The challenge in the underlying causes of packet loss can be anything from overworked routers to network congestion to software bugs. Cato’s cloud native infrastructure helps solve the packet loss problem using multiple built-in features including: business process QoS, dynamic path selection, active-active link usage, packet duplication, and fast packet recovery.
While roughly 1% packet loss can cause VoIP call issues under normal circumstances, RingCentral testing has shown Cato can deliver high-quality voice calls while experiencing more than 15% packet loss.
#4. Proxy TCP Connections
Fundamentally, TCP (Transmission Control Protocol) connections inherently add more overhead than their UDP (User Datagram Protocol) counterparts. At scale, this leads to scenarios where TCP connections can significantly contribute to network congestion and reduce throughput.
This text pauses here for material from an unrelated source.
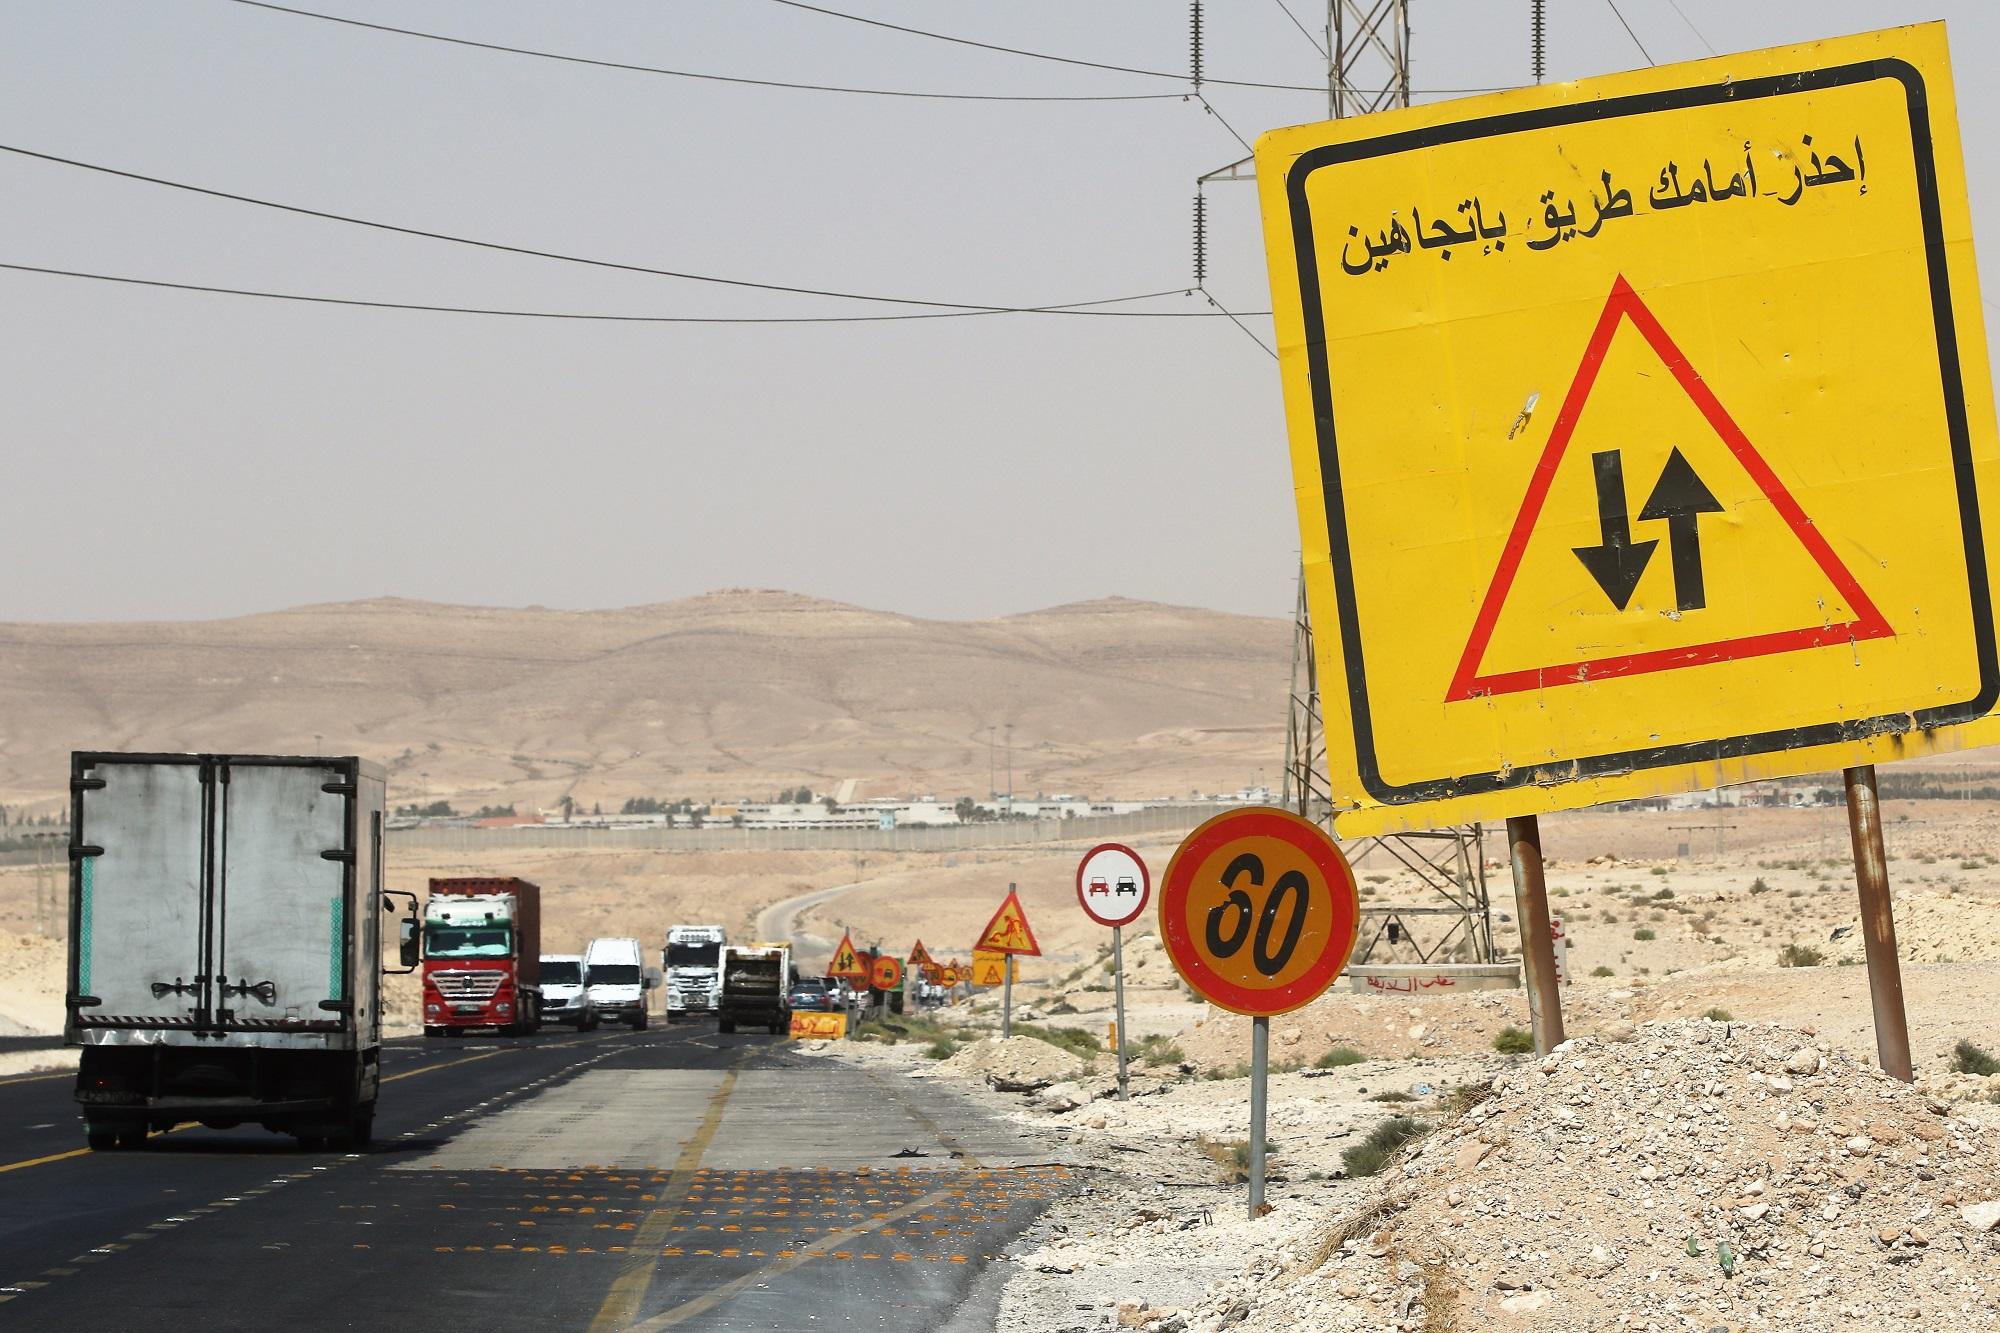 سجلات مديرية الدفاع المدني لا تخلو يوميا من الحوادث المرورية على الطريق الصحراوي، معظمها نتيجة السرعة العالية أو التجاوز الخاطئ. (صلاح ملكاوي/المملكة)

Cato PoPs help enterprises address this issue by proxying TCP connections to make clients and servers “think” they are closer together and allow for larger TCP windows. Further, TCP congestion control functionality enables optimization of bandwidth utilization.
#5. Aggregate Last Mile Connections
Blackouts and brownouts in the last mile of WAN connections continue to be one of the most difficult network performance challenges to solve. This is because the issues that can occur in the last mile and the infrastructure quality across the globe vary greatly. Aggregating last mile connections, ideally in an active/active configuration, allows enterprises to protect against the challenges of the last mile and improve network performance. Cato Cloud takes connection aggregation a step further and proactively monitors for both blackouts and brownouts and enables automatic failover when appropriate. Additionally, Policy-based Routing (PbR) helps ensure the optimum path is used every time.
Convergence is Key
Improving network performance given any particular network problem is one thing, but providing enterprise-grade connectivity at scale requires a holistic approach. This is where the converged approach of Cato’s SASE (Secure Access Service Edge) model shines. Optimizations and security features are inherently part of the network, simplifying deployment and management while also solving real-world network performance challenges. In fact, the simplified and streamlined approach is one of the things Yoni Cohen, CTO of CIAL Dun & Bradstreet, found most valuable about his Cato rollout: “I love what Cato is doing. They take an area that is complicated and make it easy,” says Cohen. “What we have done with them so far has made a meaningful impact on our ability to have a smooth transition to a unified company network and allowed this to be one thing that we’re not worried about.”